Sluice won the 2001 Misty Isle Stakes at Arlington and placed in additional stakes at Monmouth and Kentucky Downs. She then went on to produce the Empire Maker filly Mushka, a $1.6 million Fasig-Tipton Saratoga yearling purchase in 2006 by Zayat Stables.

“A beautiful filly, absolutely gorgeous,” Mott said.

Mott sent out Mushka to win the Grade 2 Demoiselle Stakes as a juvenile. At the 2008 Keeneland November sale, Mushka, now a graded stakes winner with good looks from her exceptional family, brought $2.8 million from Brushwood Stable. Mott said he was “lucky enough” to continue to train the filly for new ownership.

Mushka went on to win the Grade 1 Spinster and the Grade 3 Glens Falls for Brushwood.

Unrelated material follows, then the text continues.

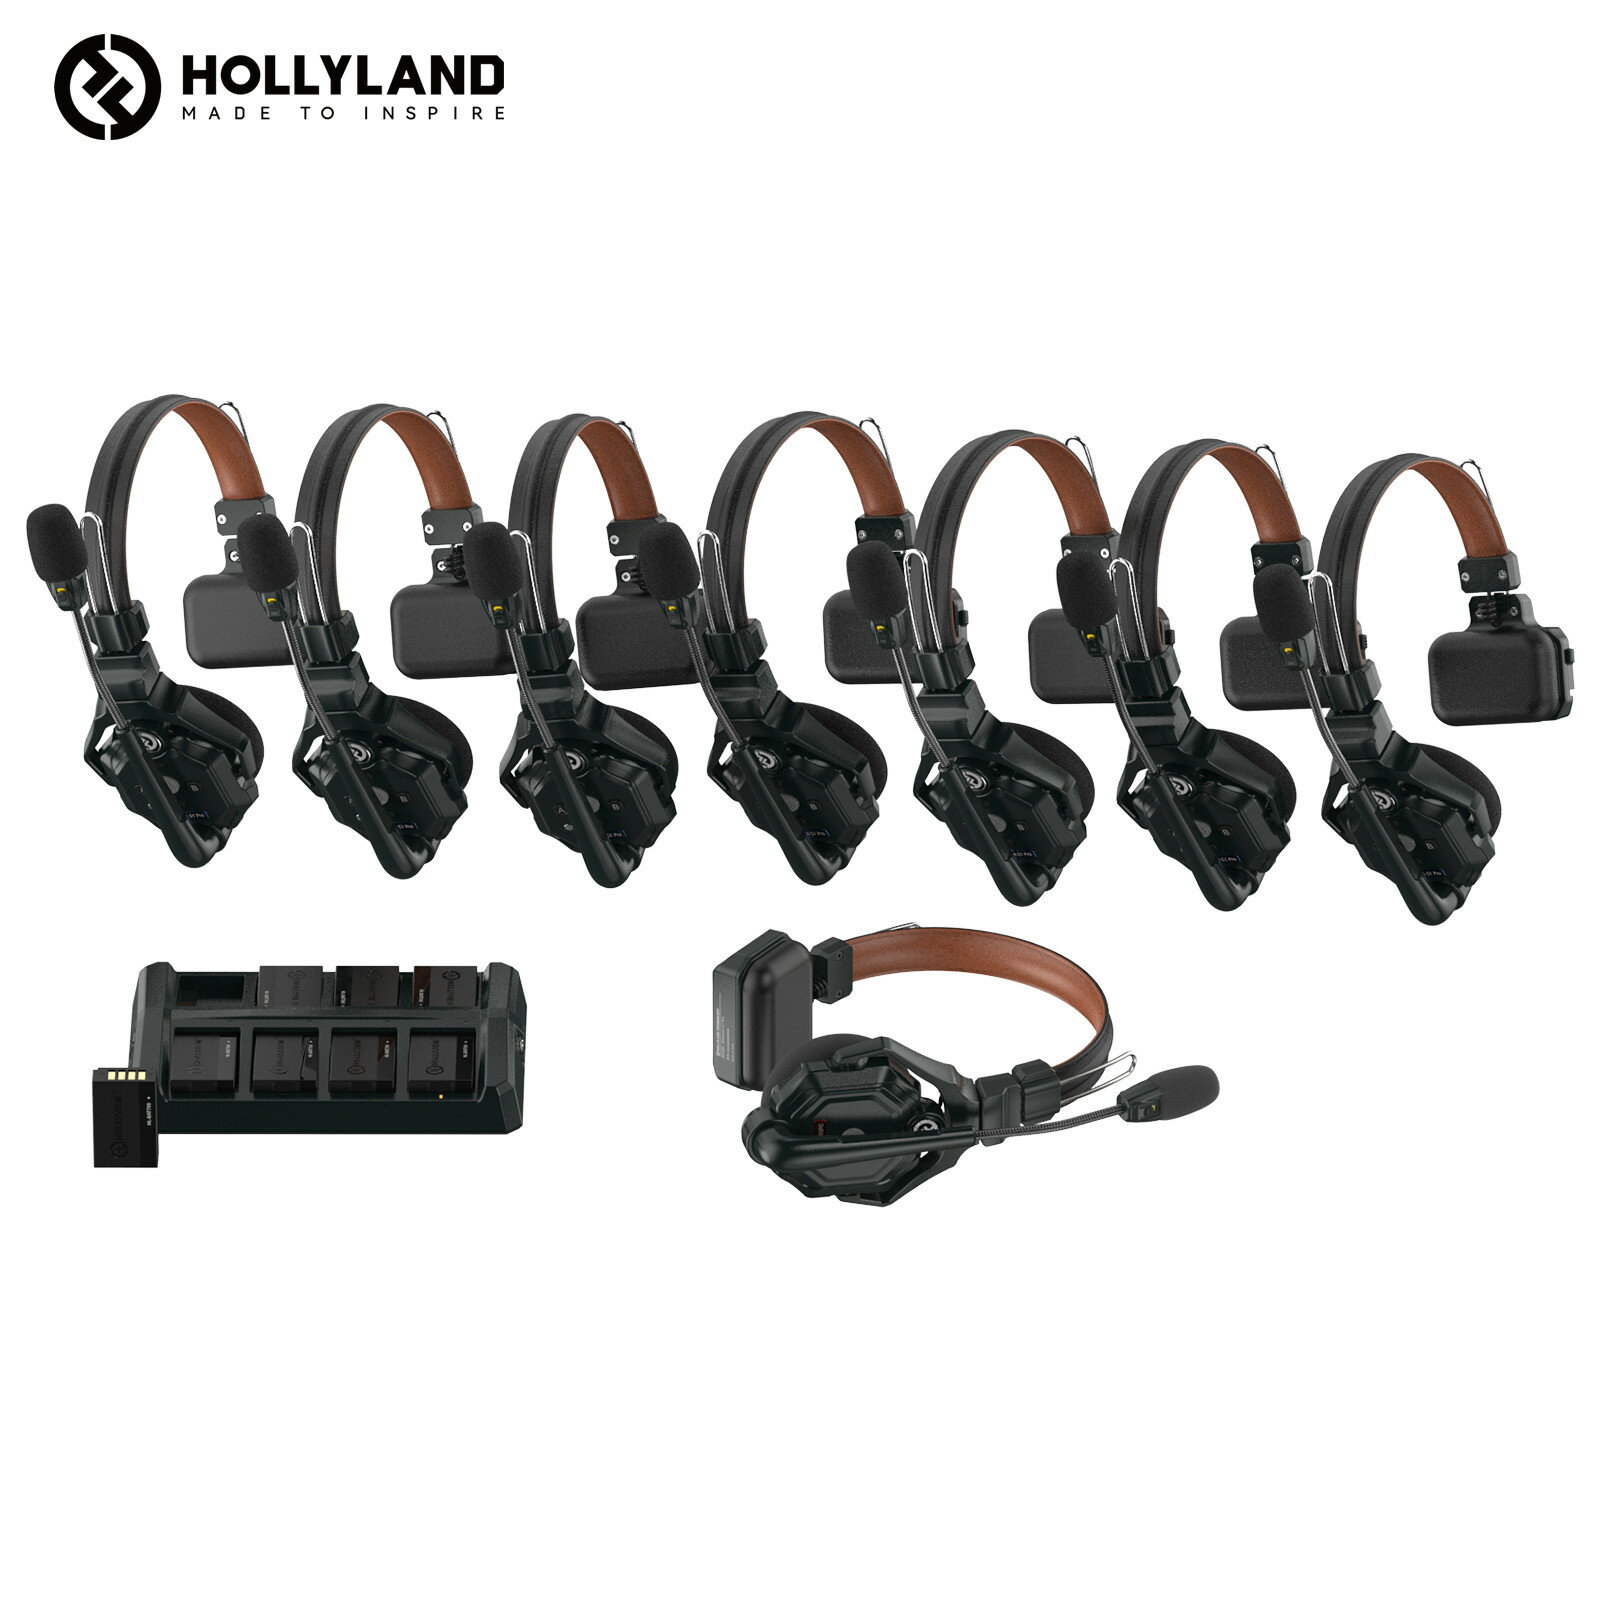 【特典付き】Hollyland Solidcom C1 Pro-8S ワイヤレスインカム 8台セット ノイズ キャンセリング・PTT・ミュート機能付き 全二重 通話範囲350m 親機x1子機x7 子機も増設可能 小型軽量ヘッドセット 設定不要 箱から出してすぐに使える同時通話システム

She placed in four other stakes, including a runner-up effort in the 2009 Breeders’ Cup Distaff.

Moving into her broodmare career, one of Mushka’s early foals was the Pennsylvania-bred filly Crowned, by Bernardini. Godolphin struck for the daughter of one of its prominent champions, going to $1.2 million at the 2014 Keeneland September yearling sale.

“Unfortunately, she had a few niggles, never really made it to the racetrack,” said Michael Banahan, Godolphin’s director of bloodstock in the United States.

Crowned, who died in 2024, according to records from The Jockey Club, has produced two winners from three starters to date. Sovereignty is the first stakes horse under this generation of the family – fittingly, in Mott’s care.

“It really is amazing how, sooner or later, it comes through, and it came through on this horse, and he’s a gorgeous individual,” Mott said.